We are in one of the following three cases:

*Case 1:* All parts of $\lambda$ are equal to $1$.

*Case 2:* All parts of $\lambda$ are equal, but not equal to $1$.

*Case 3:* Not all parts of $\lambda$ are equal.

Let us consider Case 1 first. In this case, all parts of $\lambda$ are equal
to $1$. In other words, $\lambda=\underbrace{\left(  1,1,\ldots,1\right)
}_{v\text{ entries}}$ for some positive integer $v$ (since $\lambda
\neq\varnothing$). Consider this $v$. Thus, $p_{\lambda}=p_{1}^v $ and
$\left\vert \lambda\right\vert =v$ and $\ell\left(  \lambda\right)  =v$.
Let $\operatorname{Par}_{v}$ denote the set of all
partitions of $v$. Thus, $\lambda\in\operatorname{Par}_{v}$. Now, let $h_v \in \Lambda_{\mathbb{Z}}$ denote the $v$-th complete homogeneous symmetric function. A
well-known formula (e.g., (2.5.17) in [Grinberg/Reiner, arXiv:1409.8356v7][1])
yields
\begin{align*}
h_{v}=\sum_{\mu\in\operatorname{Par}_{v}}z_{\mu}^{-1}p_{\mu
}=z_{\lambda}^{-1}p_{\lambda}+\sum_{\substack{\mu\in\operatorname{Par}_{v};
\\\mu\neq\lambda}}z_{\mu}^{-1}p_{\mu},
\end{align*}
so that
\begin{equation}
z_{\lambda}^{-1}p_{\lambda}=h_v -\sum_{\substack{\mu\in
\operatorname{Par}_{v};\\\mu\neq\lambda}}z_{\mu}^{-1}p_{\mu}.
\label{darij1.pf.t2.c1.2}
\tag{1}
\end{equation}


However, the only partition of $v$ that has length $\geq v$ is the partition
$\underbrace{\left(  1,1,\ldots,1\right)  }_{v\text{ entries}}=\lambda$. Thus,
if $\mu$ is a partition of $v$ distinct from $\lambda$, then $\mu$ has length
$<v$. In other words, if $\mu\in\operatorname{Par}_{v}$ satisfies
$\mu\neq\lambda$, then $\ell\left(  \mu\right)  <v$. Hence, if $\mu
\in\operatorname{Par}_{v}$ satisfies $\mu\neq\lambda$, then
\begin{align*}
\underbrace{\left\vert \mu\right\vert }_{=v=\left\vert \lambda\right\vert
}+\underbrace{\ell\left(  \mu\right)  }_{<v=\ell\left(  \lambda\right)
}<\left\vert \lambda\right\vert +\ell\left(  \lambda\right)  =N
\end{align*}
and therefore $z_{\mu}^{-1}p_{\mu}\in V$ (by our induction hypothesis, applied
to $\mu$ instead of $\lambda$). Thus, \eqref{darij1.pf.t2.c1.2} becomes
\begin{align*}
z_{\lambda}^{-1}p_{\lambda}=\underbrace{h_v}_{\in\Lambda_{\mathbb{Z}
}\subseteq V}-\sum_{\substack{\mu\in\operatorname{Par}_{v};\\\mu
\neq\lambda}}\underbrace{z_{\mu}^{-1}p_{\mu}}_{\in V}\in V-\sum_{\substack{\mu
\in\operatorname{Par}_{v};\\\mu\neq\lambda}}V\subseteq V.
\end{align*}
Hence, $z_{\lambda}^{-1}p_{\lambda}\in V$ has been proved in Case 1.
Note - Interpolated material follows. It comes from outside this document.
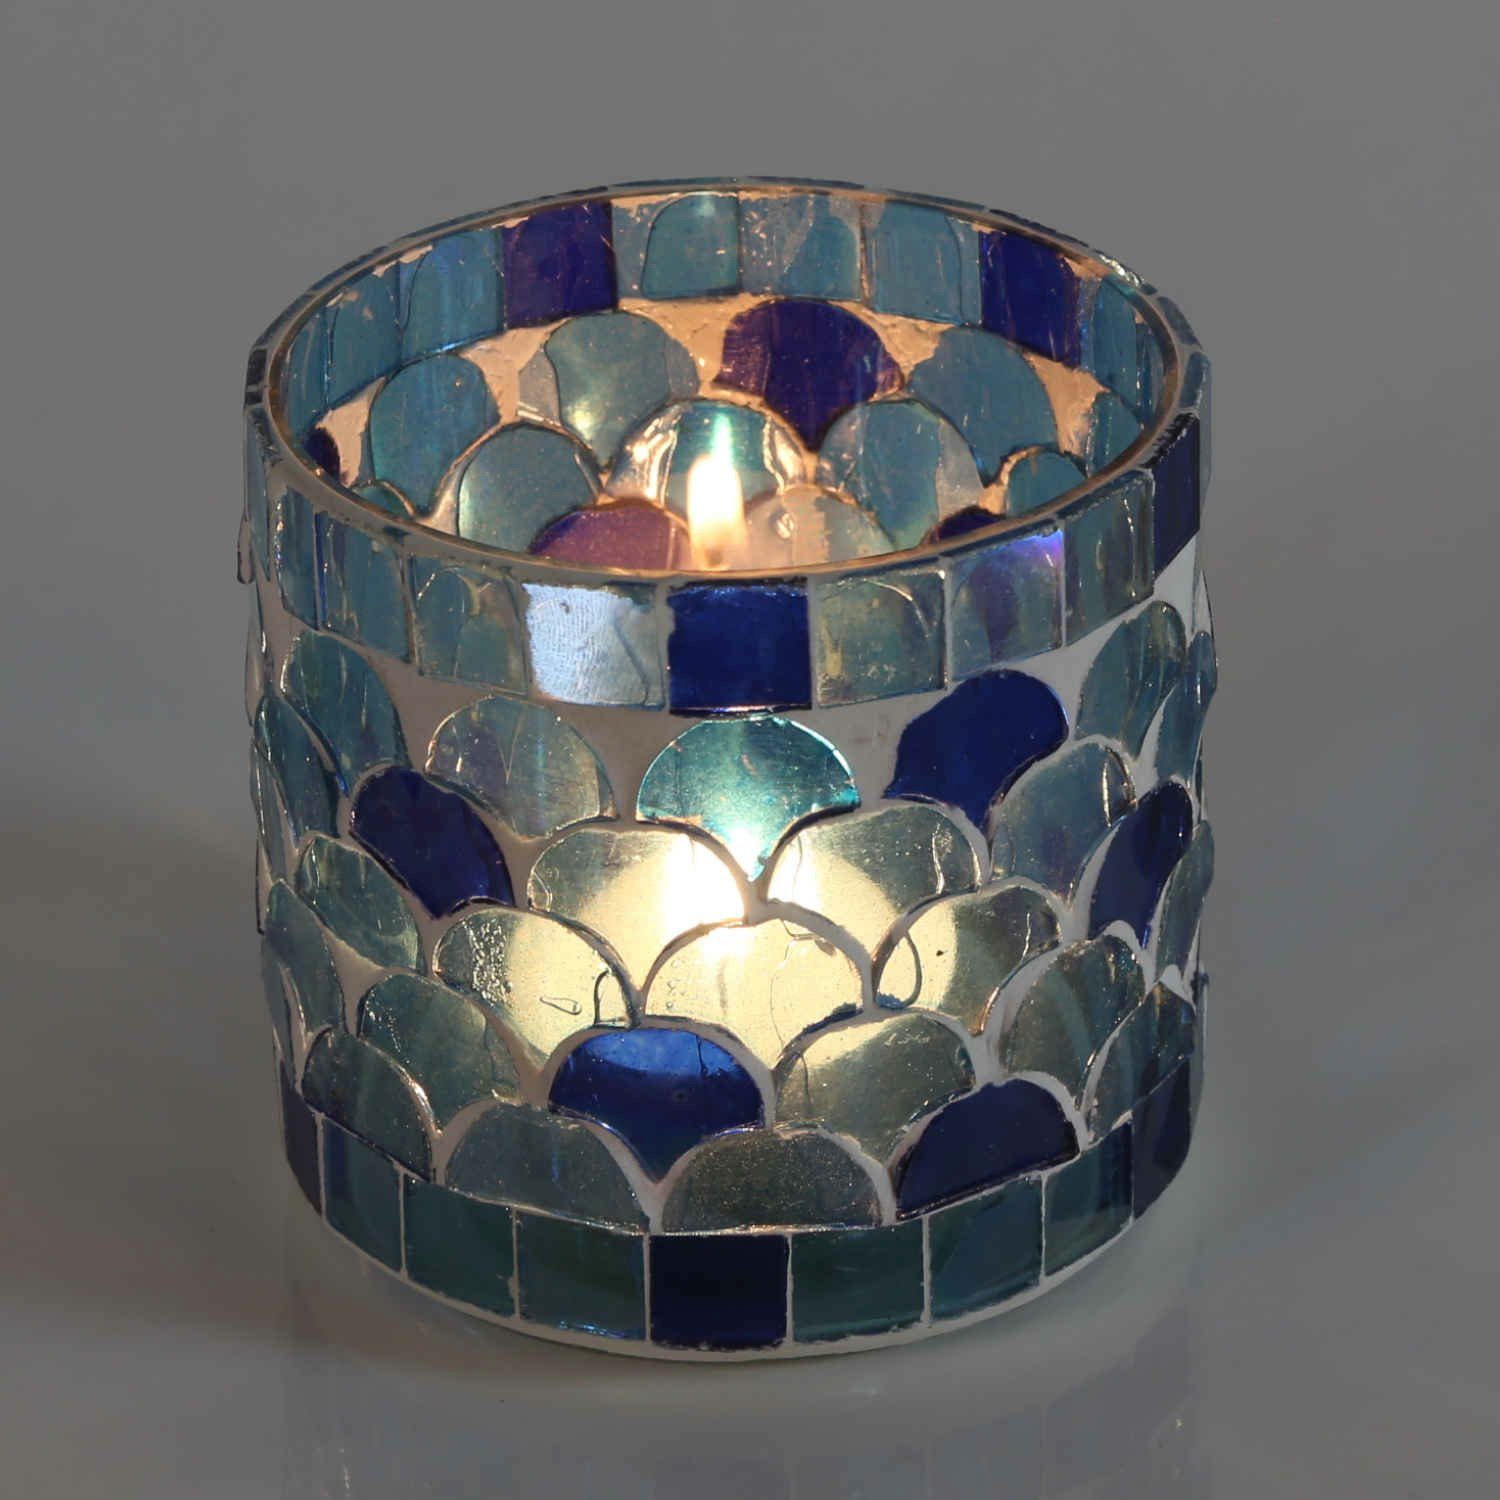 Casa Moro Windlicht Orientalisches Mosaik Glas Windlicht Athen Dunkelblau handgefertigt (Boho Chic Teelichthalter Kerzenständer Kerzenhalter, Glaswindlicht in den Größen S und M oder als 2er Set bestellbar), Kunsthandwerk pur für einfach schöner wohnen

Let us next consider Case 2. In this case, all parts of $\lambda$ are equal,
but not equal to $1$. In other words, $\lambda=\underbrace{\left(
n,n,\ldots,n\right)  }_{v\text{ entries}}$ for some positive integers $n\neq1$
and $v$ (since $\lambda\neq\varnothing$). Consider these $n$ and $v$. Thus,
$p_{\lambda}=p_n^v $ and $z_{\lambda}=v!\cdot n^v $ and $\left\vert
\lambda\right\vert =nv$ and $\ell\left(  \lambda\right)  =v$. From $n\neq1$,
we obtain $n>1$ (since $n$ is a positive integer). Thus, $nv > v$ (since $v > 0$). In other words, $v < nv$.

From $p_{\lambda}=p_n^v $ and $z_{\lambda}=v!\cdot n^v $, we obtain
\begin{equation}
z_{\lambda}^{-1}p_{\lambda}=\left(  v!\cdot n^v \right)  ^{-1}p_n
^v =\dfrac{p_n^v }{v!\cdot n^v }.
\label{darij1.pf.t2.c2.1}
\tag{2}
\end{equation}


We must prove that $z_{\lambda}^{-1}p_{\lambda}\in V$. In other words, we must
prove that $\dfrac{p_n^v }{v!\cdot n^v }\in V$ (since $z_{\lambda}
^{-1}p_{\lambda}=\dfrac{p_n^v }{v!\cdot n^v }$).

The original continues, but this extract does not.